Aim of the task:
No pictures go into the copy. Write out exactly the lines below from the one containing "IAFN2024 International Conference" through the one containing "RJM to Revive Tegrin Brand".

Data:

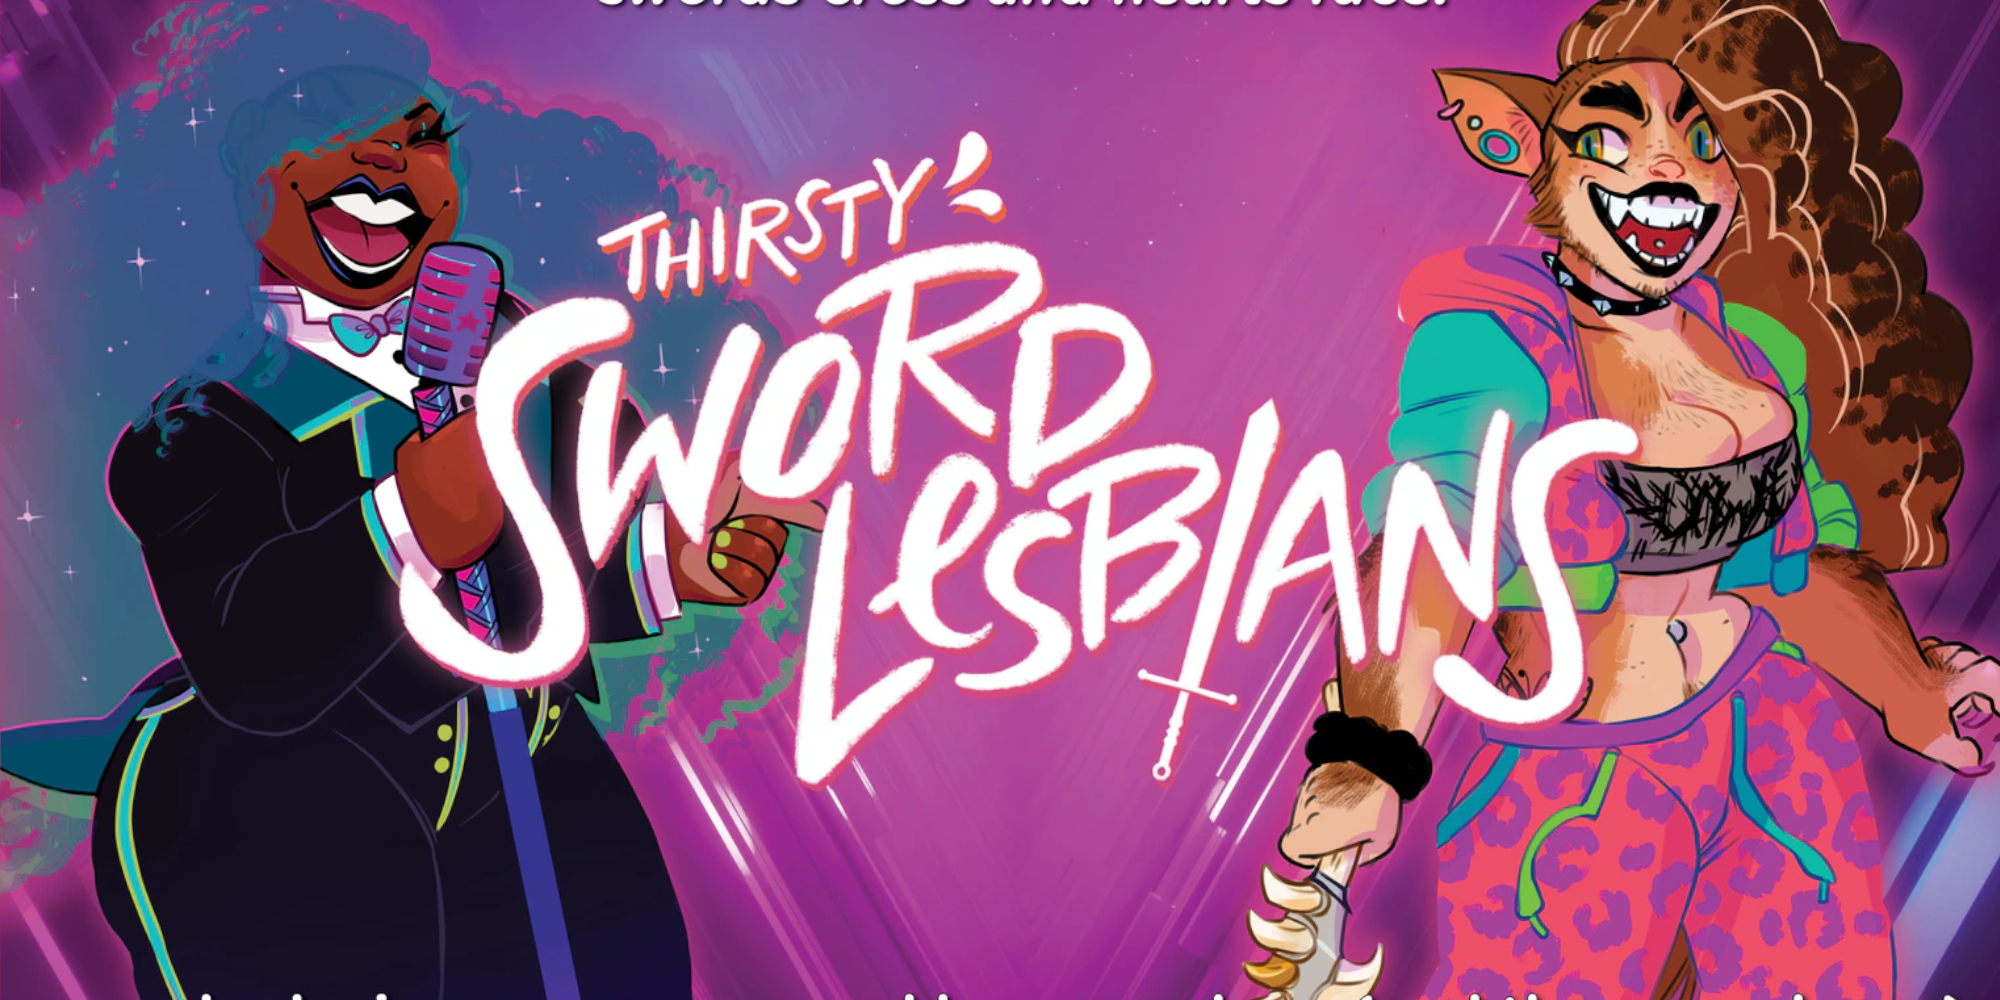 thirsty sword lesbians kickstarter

...

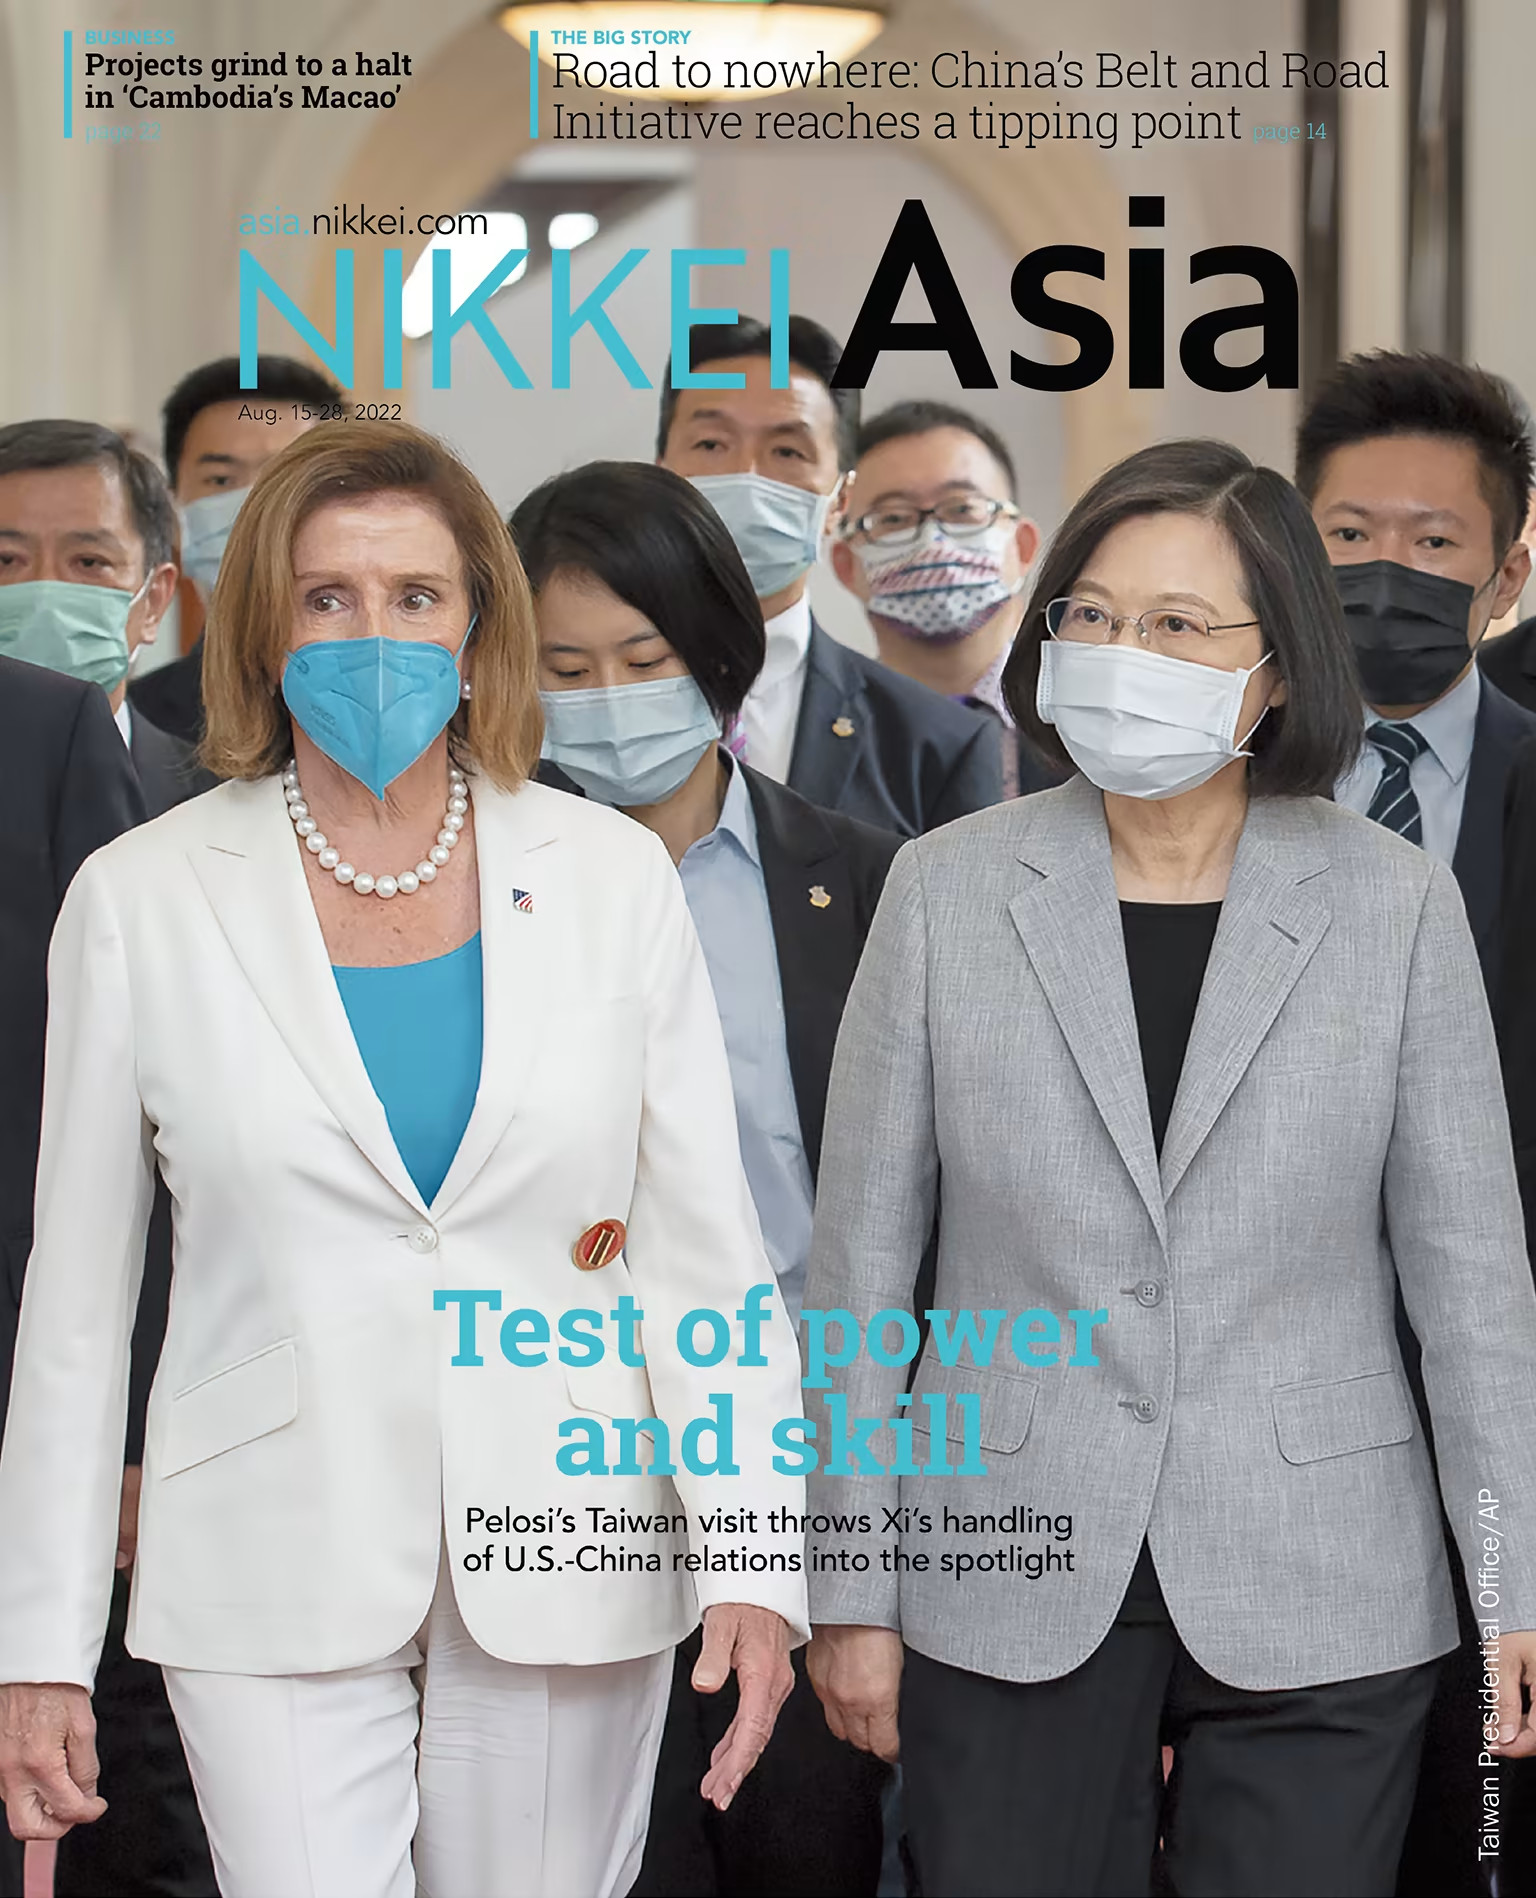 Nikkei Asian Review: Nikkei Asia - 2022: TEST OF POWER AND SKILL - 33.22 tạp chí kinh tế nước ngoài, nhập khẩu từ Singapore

...

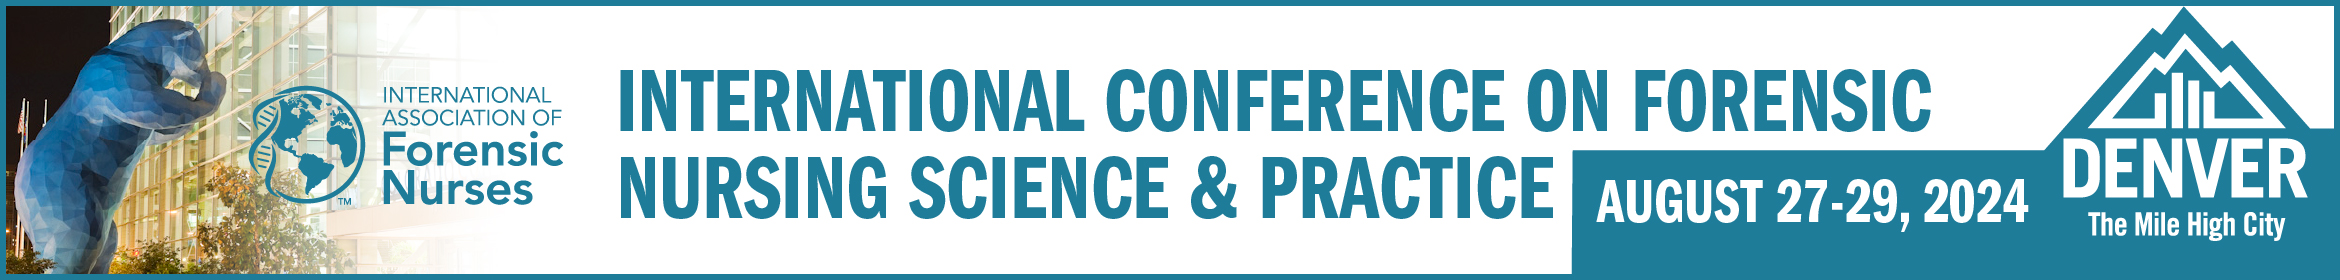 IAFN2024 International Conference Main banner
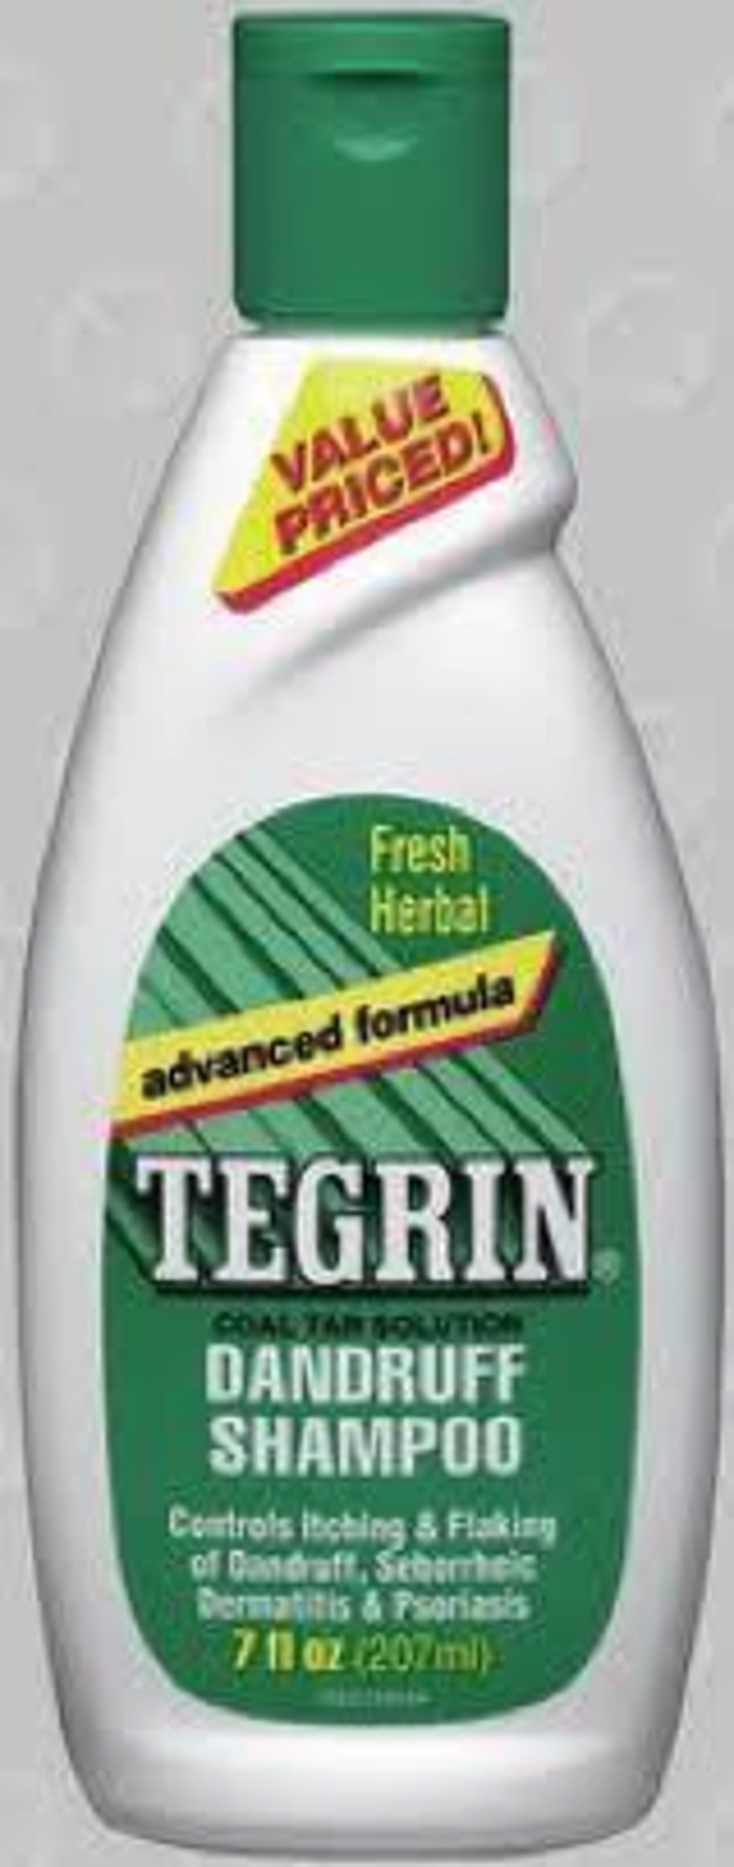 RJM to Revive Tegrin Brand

Reply:
 IAFN2024 International Conference Main banner
 RJM to Revive Tegrin Brand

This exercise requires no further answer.